Endeavour Energy v Communications, Electrical, Electronic, Energy, Information, Postal, Plumbing and Allied Services Union of Australia
[2014] FWC 5513
•15 AUGUST 2014
| [2014] FWC 5513 |
| FAIR WORK COMMISSION |
DECISION |
Fair Work Act 2009
s.739—Dispute resolution
Endeavour Energy
v
Communications, Electrical, Electronic, Energy, Information, Postal, Plumbing and Allied Services Union of Australia; Australian Municipal, Administrative, Clerical and Services Union
(C2014/489)
SENIOR DEPUTY PRESIDENT HAMBERGER | SYDNEY, 15 AUGUST 2014 |
Dispute about a matter arising under an enterprise agreement; provision of day in lieu for employees rostered on call or stand by on public holidays.
Background
[1] On 27 March 2014, Endeavour Energy (Endeavour) applied to the Fair Work Commission to deal with a dispute concerning the proper construction of clause 9.4 in the Endeavour Energy Enterprise Agreement 2012 (theEA). The clause provides as follows:
‘9.4 On Call and Stand By
9.4.1 With After Hours Emergency and/or Breakdown Service, the work performed by employees will include:
(a) restoring continuity of supply to Endeavour Energy’s system and customers;
(b) returning to a safe and proper operating condition any plant and/or equipment which has failed or is likely to fail;
(c) performing maintenance work which is of such an urgent nature that if not carried out an interruption of supply may occur; and
(d) all aspects of consumer’s installation, plant, equipment or appliances which if not attended to or temporarily overcome, will cause distress, hardship or loss to the customer and/or other occupants of the premises.
9.4.2 An employee rostered on the on call and stand by roster is required to be available for emergency and/or breakdown work at all times outside his or her usual hours of work.
9.4.3 Employees rostered on call or stand by will have their hours monitored for safety reasons.
9.4.4 Employees who are on call are not confined to their homes but they must be reasonably available so that they would not be delayed by more than15 minutes in addition to the time it would normally take to travel from their homes to the place where the work is to be performed. Any delays in excess of 15 minutes will not be paid unless specifically authorised.
9.4.5 An employee may be required to attend any other calls which arise prior to returning home.
9.4.6 An employee shall not engage in an activity or make a commitment that will adversely affect their obligations when rostered on.

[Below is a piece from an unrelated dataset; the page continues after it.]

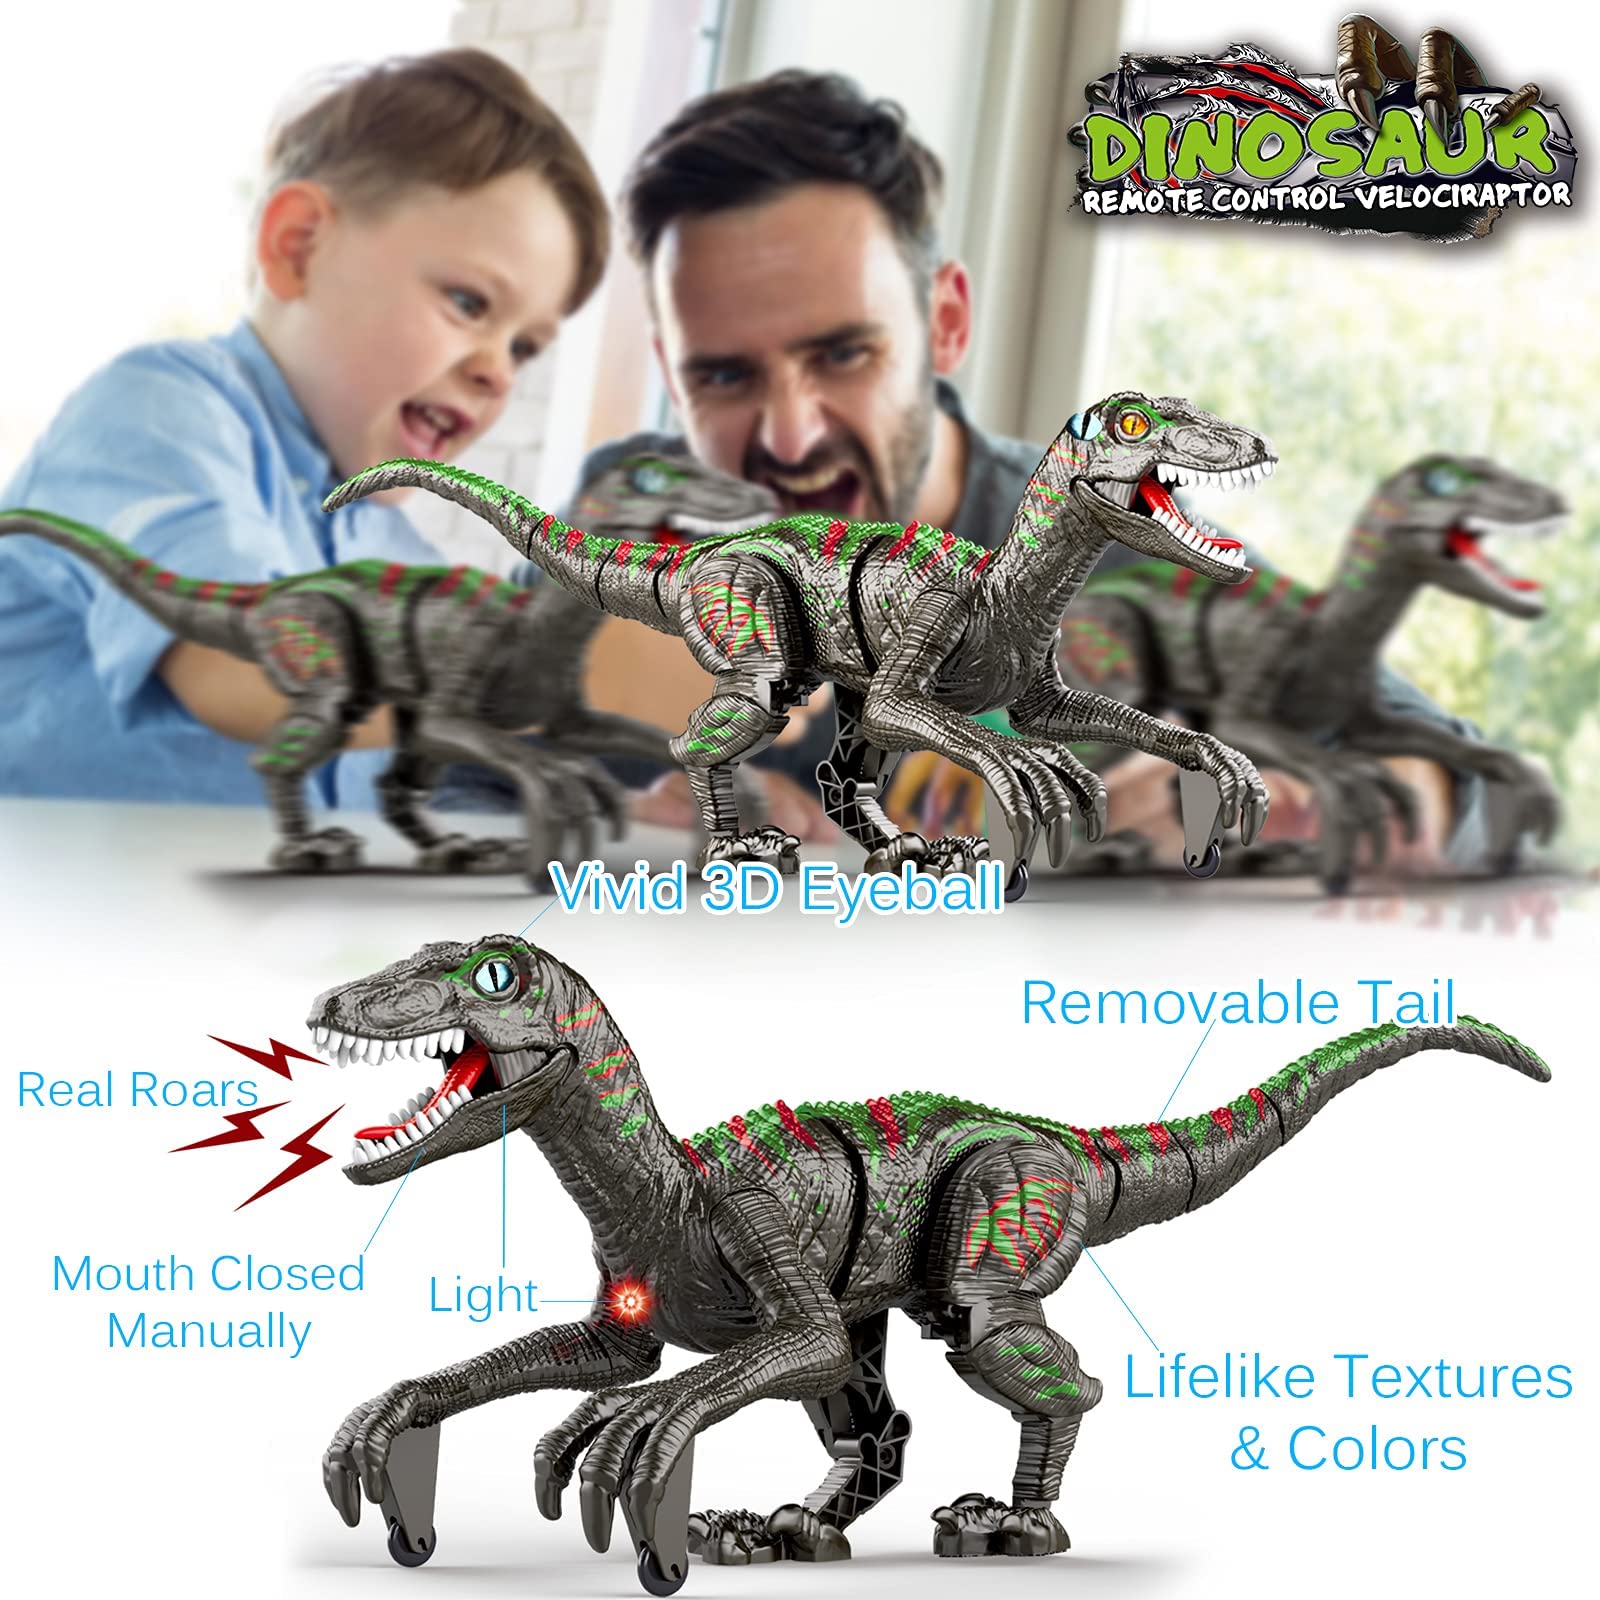 Happitry Remote Control Dinosaur Toys for Kids 5-7, RC Dino Toy Gifts for Boys 4-7-8-12, Big Robot Walking Velociraptor with Realistic Light Roar 2.4G Rechargeable

9.4.7 On call and stand by employees will be paid as follows:
SITUATION | ENTITLEMENT |
On Call/ Stand By Allowance (Refer Appendix B) | An employee shall be paid the On Call/ Stand By Allowance for each day the employee is rostered on. |
Time worked on a call | All time at double time. (a “call” shall be from the time the call is received to the time the employee has returned home) |
Minimum payment | 2 HOURS AT DOUBLE TIME. |
Attending to the call | Employee to proceed directly to and from the call without unnecessary delay or deviation. |
Work on Public Holidays | 1 day shall be added to time in lieu for each public holiday worked. |
[2] A conciliation conference was held on 2 April 2014. It was agreed by Endeavour and the affected unions, the Communications, Electrical, Electronic, Energy, Information, Postal, Plumbing and Allied Services Union of Australia and the Australian Municipal, Administrative, Clerical and Services Union (the unions) that the matter would be dealt with on the papers. Directions were issued for the parties to file and serve their submissions. Subsequently it was agreed that a short hearing should be conducted to deal with evidence. This hearing took place on 18 July 2014.
[3] The issue in dispute is whether an employee who is on call on a public holiday is entitled to a day in lieu even if he or she is not called in to work. Endeavour submitted that the entitlement to a day in lieu only applies where the employee is called upon and actually attends work. The unions submitted that the entitlement applies even where the employee is not required to attend work.
The parties’ submissions
[4] Endeavour conceded that there had been a practice that all persons on the on call/stand by roster on public holidays would receive the day in lieu, whether they work the day or not. However Endeavour submitted that this had been ‘a beneficial interpretation provided to staff over and above a strict reading of clause 9.4 and in particular clause 9.4.7.’ It argued that whatever the practice might have been in the past, it was entitled to change its practices (subject to the consultation provisions in the EA). It was seeking to do this in order to better manage its entitlements, to ensure that entitlements were being paid in accordance with the EA, and to achieve comparative equity between those who were called upon to work on a public holiday and those who were not.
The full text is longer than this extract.